Data supplied:
· · · · ·

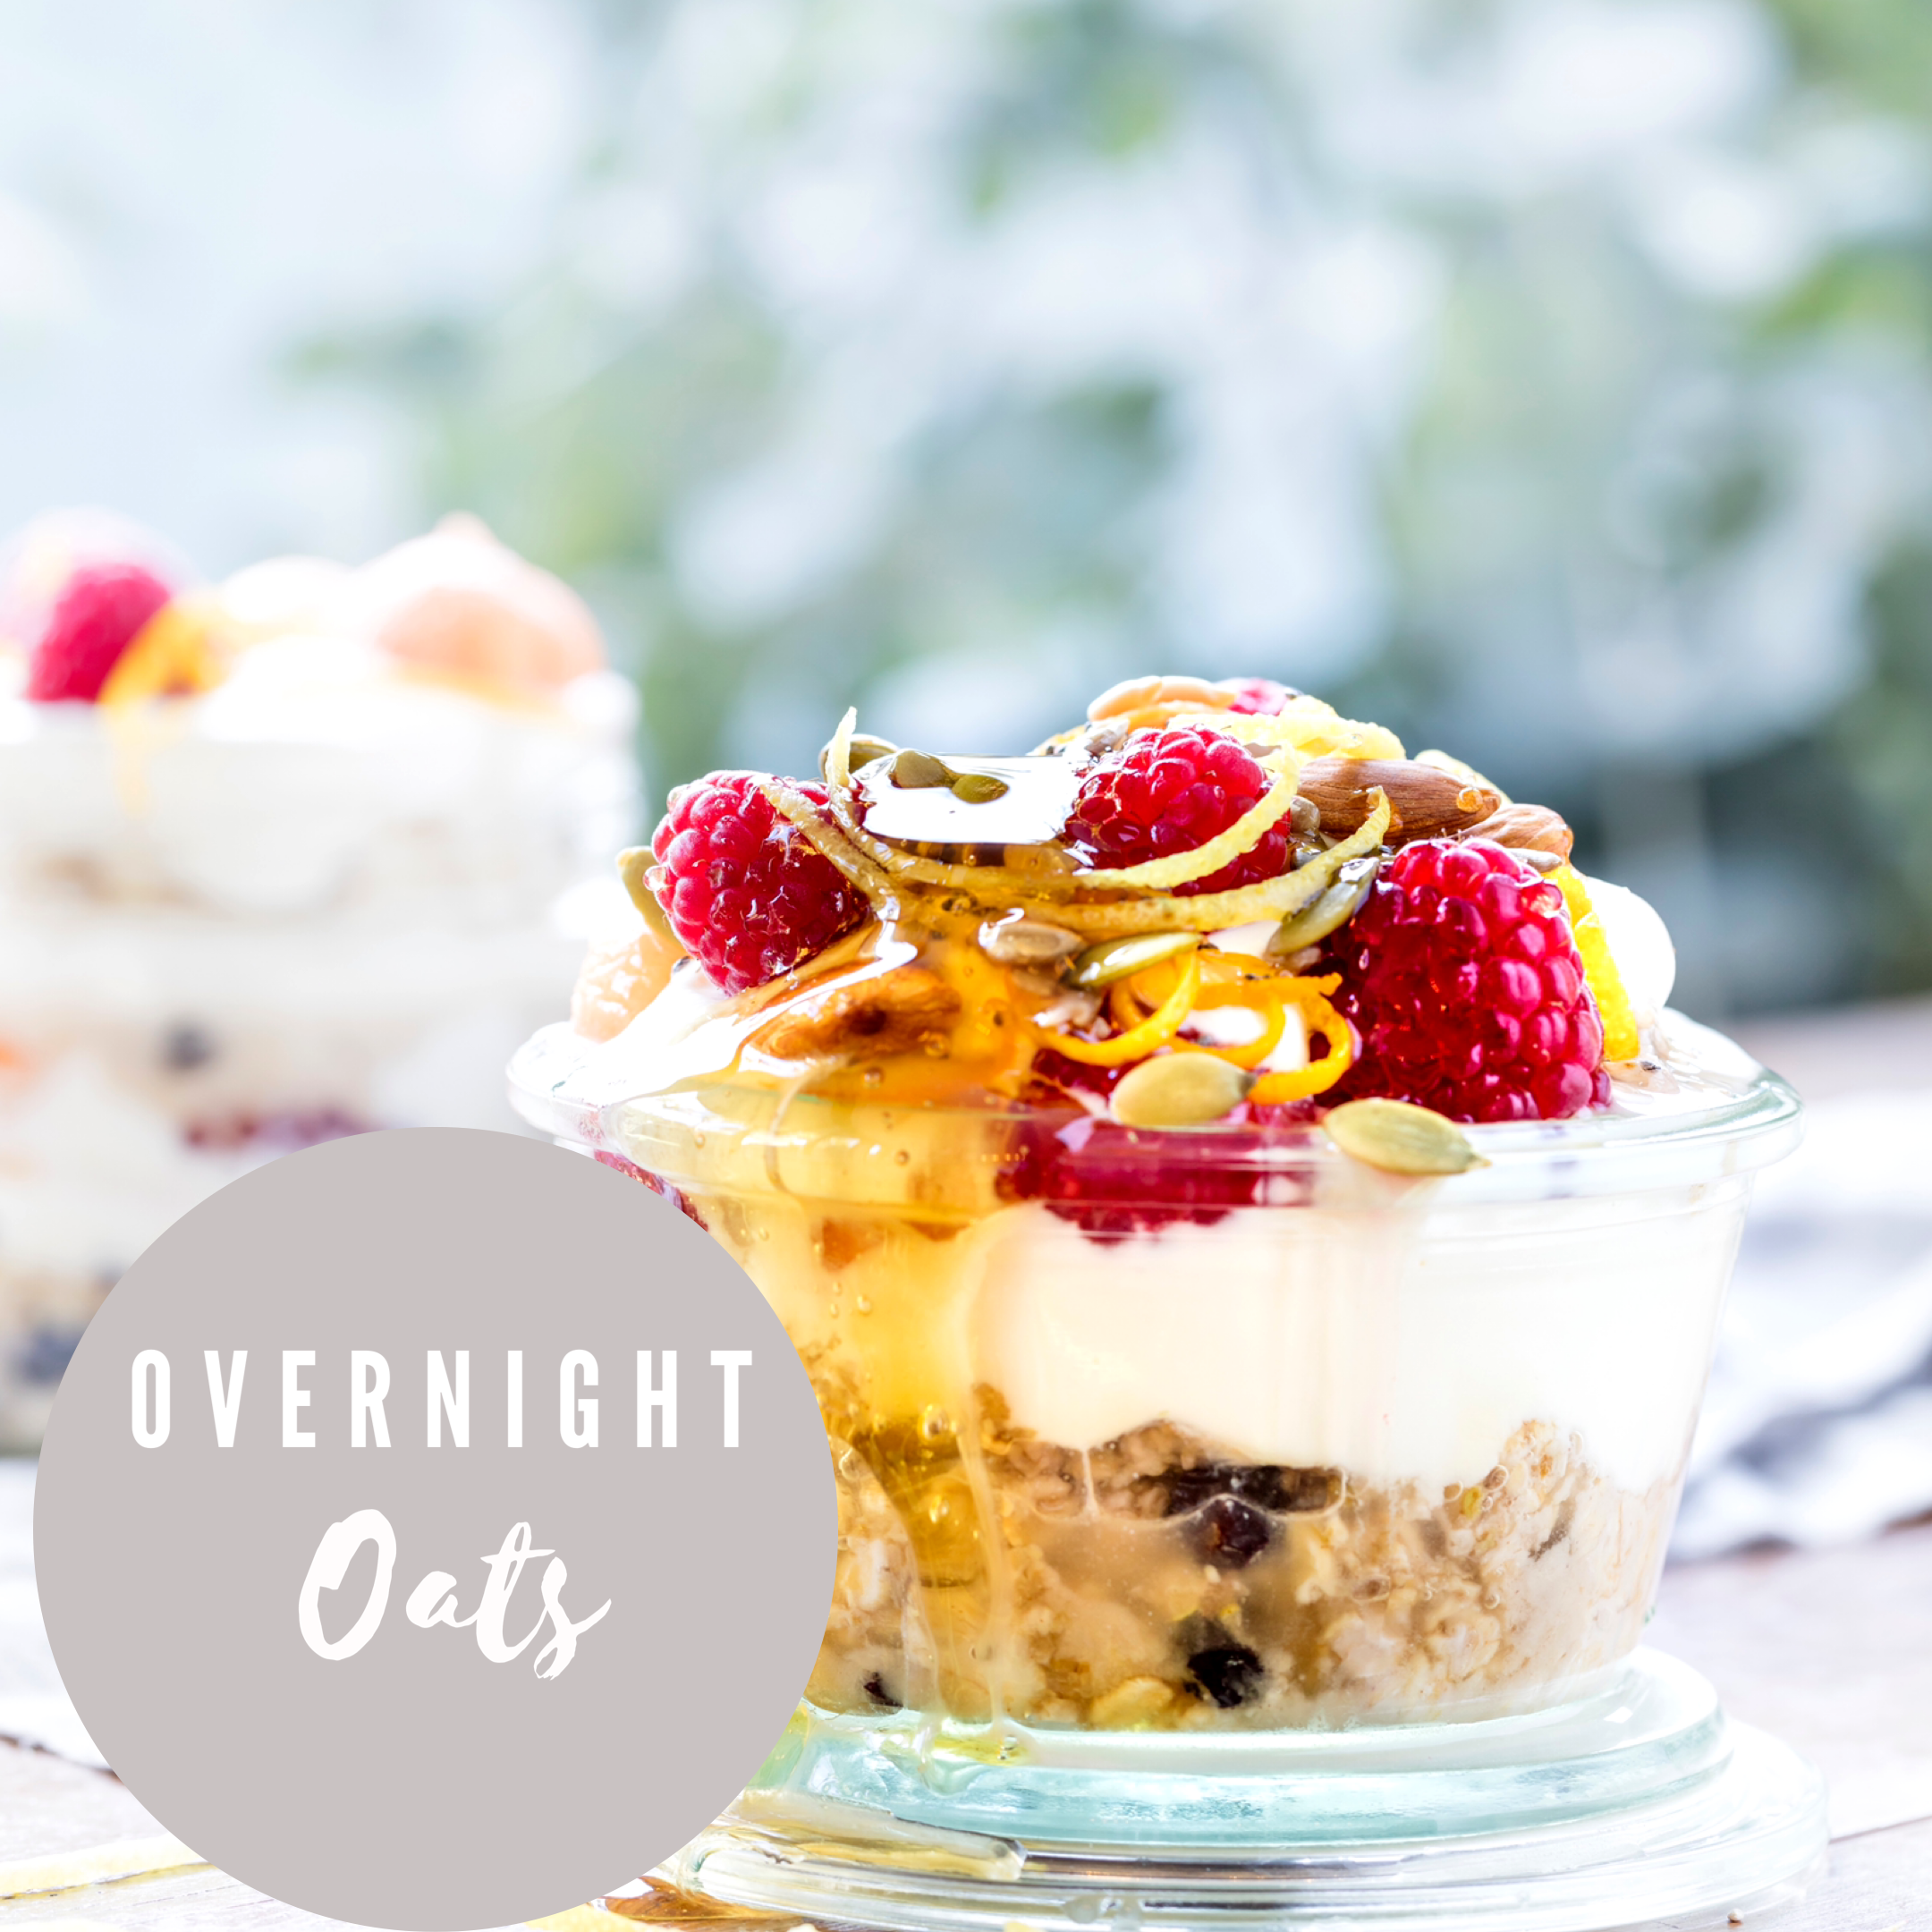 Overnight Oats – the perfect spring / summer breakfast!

· · · · ·

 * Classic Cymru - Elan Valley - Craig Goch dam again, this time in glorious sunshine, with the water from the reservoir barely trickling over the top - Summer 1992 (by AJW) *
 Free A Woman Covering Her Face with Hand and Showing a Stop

· · · · ·

Work instructions:
Give back, word for word, only the lines above from the line holding "1992 (by AJW) *" to the line holding "Free A Woman", both included.

Answer to this exercise:
 * Classic Cymru - Elan Valley - Craig Goch dam again, this time in glorious sunshine, with the water from the reservoir barely trickling over the top - Summer 1992 (by AJW) *
 Free A Woman Covering Her Face with Hand and Showing a Stop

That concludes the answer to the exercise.